Super Foods For Your Kids….

31 03 2010

Have mommies facing these situations??……”I don’t like the greenish on my plate!”; “can i have the candies???”; “I wanna ice-cream! I wanna ice-cream!” ……..and you will keep on yelling NO to this, NO to that!

Babies & toddlers can be very fussy eaters. Promote your child with the healthy picks by supplying the basic components of our diet – carbohydrates, protein and fat. Even myself hardly to get my kids having all those complete diet but ensure they get at least two servings of the supplement daily. These roles vary from boosting energy and brain power to preventing illness and even repairing damages. In any diet, whether child or adult should get eating lots of fruits and vegetables. So here are some of the tips to train your child taste buds!

1. Fruits & Vegetables (Vitamins, minerals & dietary-fiber)

– Not all the toddlers would have the greenish on their snack plate. Parents plays role to create creative ways to decorate their meals!

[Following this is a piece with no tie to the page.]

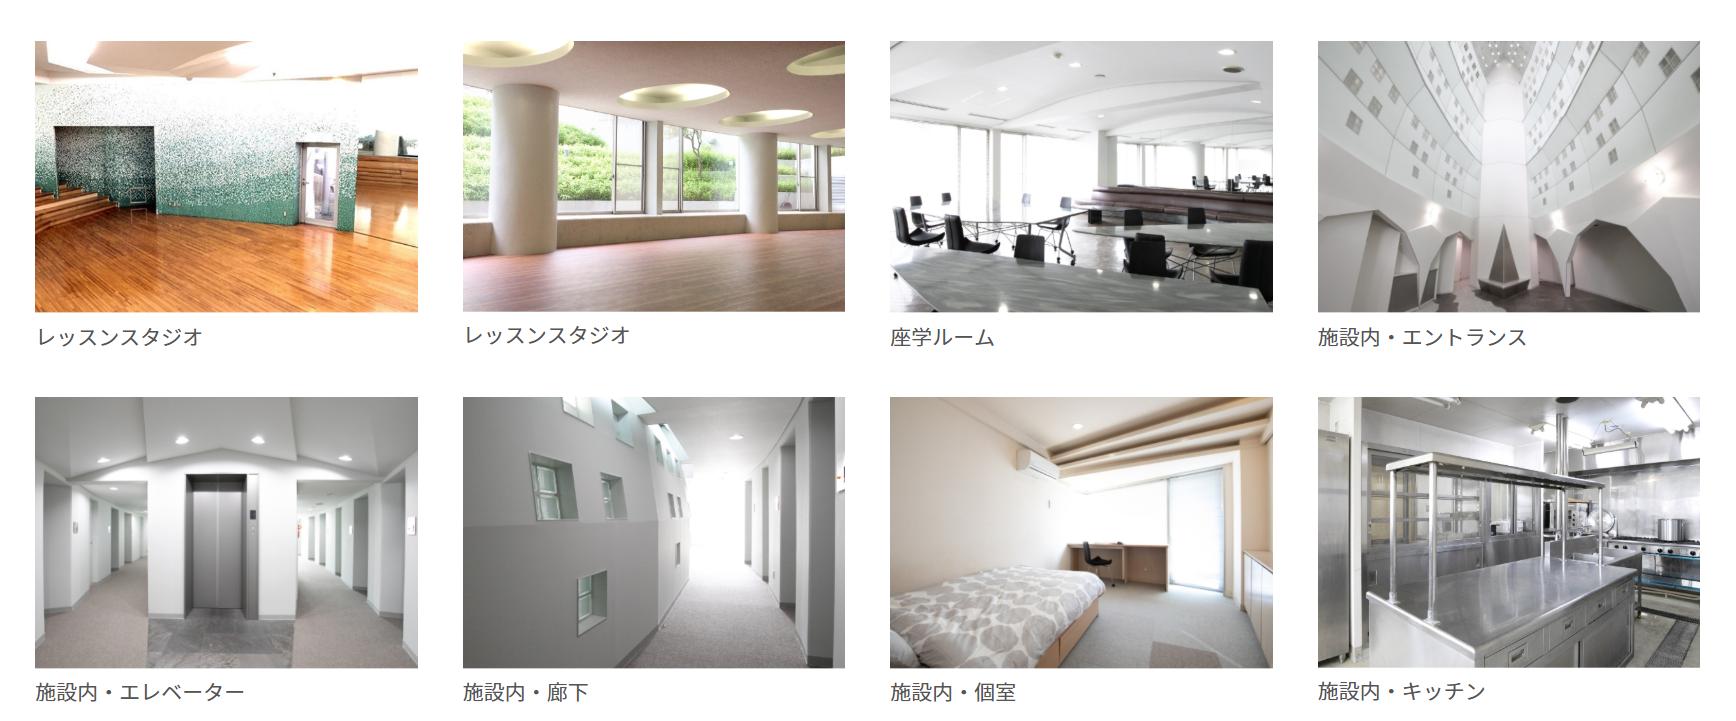 宿泊施設の内装

And what I usually do is filling the scramble eggs with grated carrots for a sandwich. Or just add-in their scones with dried mix fruits and spread with blended cheesy spinach! And even you can serve them well with fresh mix vege & fruits with Malaysian garnish….

– Scones spread with blended spinach! Really -really a mouth watering meals of the day!

-hmmmm……so yummy!! Bright colors would perhaps attract the kids to eat!

2. Whole Grains (Fibre & Vitamin E)

– Whole grains are typically fortified with folic acid, Vit.B, D, Iron, zinc and sometimes calcium too. Oats are one of the most familiar hot cereals for kids and nutritious grain for the brain. Take note that oats provide excellent energy or fuel for the brain that kids need first thing in and fed all morning at school. Simple cereals to give with sliced banana for breakfast…

3. Nuts and seeds (Good fats, fiber, protein, Omega3 & 6 oils, minerals – magnesium & potassium)

– Luckily I didn’t have any problem in this serving…..my kids are nuts hunger! Since I am a baker, there always packed of variety nuts in my keepers for them.  According to an Australian nutritionist, a handful of almonds, cashews, pumpkin seeds or walnuts are ideal super food as a mid-morning snack. Change their habits of taking junk-food with any of these combination ………Or just baked them cuppies like this!

– Carrot walnut cupcakes with cream cheese toppers…..

4. Dairy (Rich in calcium)

– Rich in calcium is a key ingredient for strong bones and teeth, healthy heart and nervous system. Certain dairy product such as yogurt and milk also contain protein, Vit.A, B12, riboflavin and magnesium. Well, fed your kids well enough with this which can help promote their inner health.

All is yours to change their habits! Good luck!